- Active: February 17, 1863 – August 4, 1865
- Country: United States
- Branch: Union Army
- Type: Field artillery
- Size: Battery
- Part of: In 1864: Defenses of New Orleans, Department of the Gulf
- Engagements: American Civil War

Commanders
- 1st: Captain Timothy Pearson
- 2nd: 1st Lt. James W. Kirk
- 3rd: 1st Lt. Albert Rowse

= 15th Massachusetts Battery =

The 15th Massachusetts Battery (or 15th Battery Massachusetts Light Artillery) was an artillery battery that served in the Union Army during the American Civil War. The unit was organized partly at Camp Chase in Lowell, Massachusetts and partly at Fort Warren during the winter of 1862–1863. The majority of its members were mustered into federal service on February 17, 1863. It was assigned to the Department of the Gulf commanded by Major General Nathaniel P. Banks and departed Massachusetts by steamship on March 9. During its term, the unit suffered from a large number of desertions and gained an unfortunate reputation despite the service of its many loyal members.

The unit arrived in New Orleans on April 9, 1863. Before being issued guns, they made a brief expedition on foot to Brashear City, Louisiana but soon returned to New Orleans. They were assigned to garrison two small forts just outside New Orleans, each armed with four 32-pounder guns mounted in barbettes. One of these was located at Bayou St. John and the other at Gentilly. They remained posted there from June 3 until December 29.

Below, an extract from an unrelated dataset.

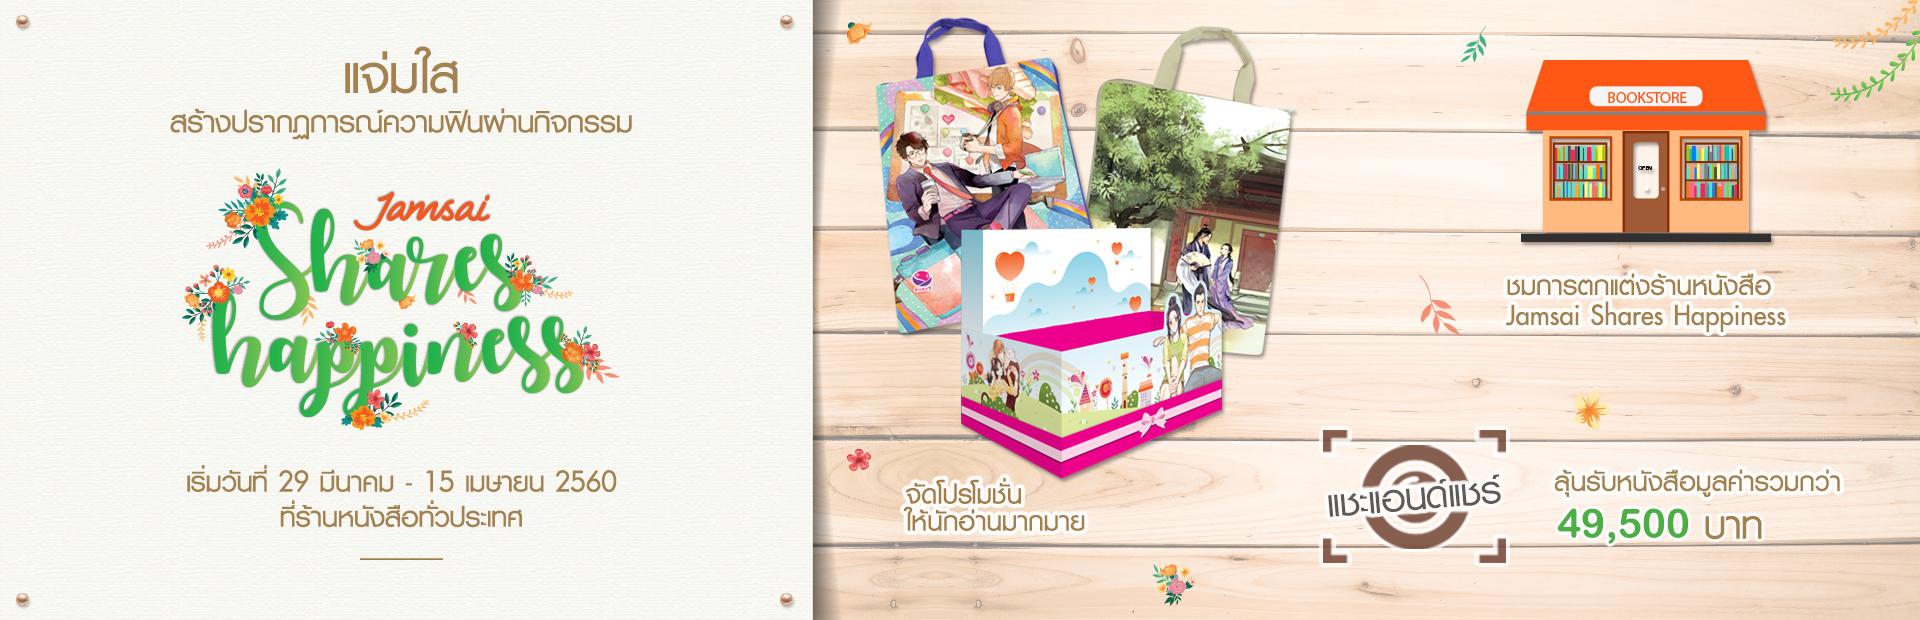 banner1290_jamsai-sharess-happniess

In February 1864, the 15th Massachusetts Battery took part in an uneventful expedition to Madisonville, Louisiana, returning to New Orleans at the end of that month. It was posted at Terrell's Cotton Press in New Orleans from May 5 to October 17. On the latter date, the battery boarded a steamship for an expedition into Arkansas. They reached the mouth of the White River where they remained until November 7, then moved again by steamship up the White River to DeValls Bluff, Arkansas. After 20 days, the unit moved to Memphis, Tennessee remaining there for the month of December 1864. On January 1, 1865, the battery returned to Louisiana.

At the end of February 1865, the battery was transferred to the Second Division of the XIII Corps and embarked for Pensacola, Florida. There it joined in preparations for the Mobile Campaign. The battery was engaged during the Battle of Fort Blakeley from April 2 to 9 outside Mobile. After the fall of Mobile, their division was briefly posted in Selma, Alabama but soon returned to Mobile.

On June 30, 1865, at Mobile, the battery turned in its horses and guns. On July 20, they were ordered home to Boston which was reached on August 1. The 15th Massachusetts Battery was mustered out on August 4, 1865. The unit lost one man killed in action and 27 by disease for a total of 28.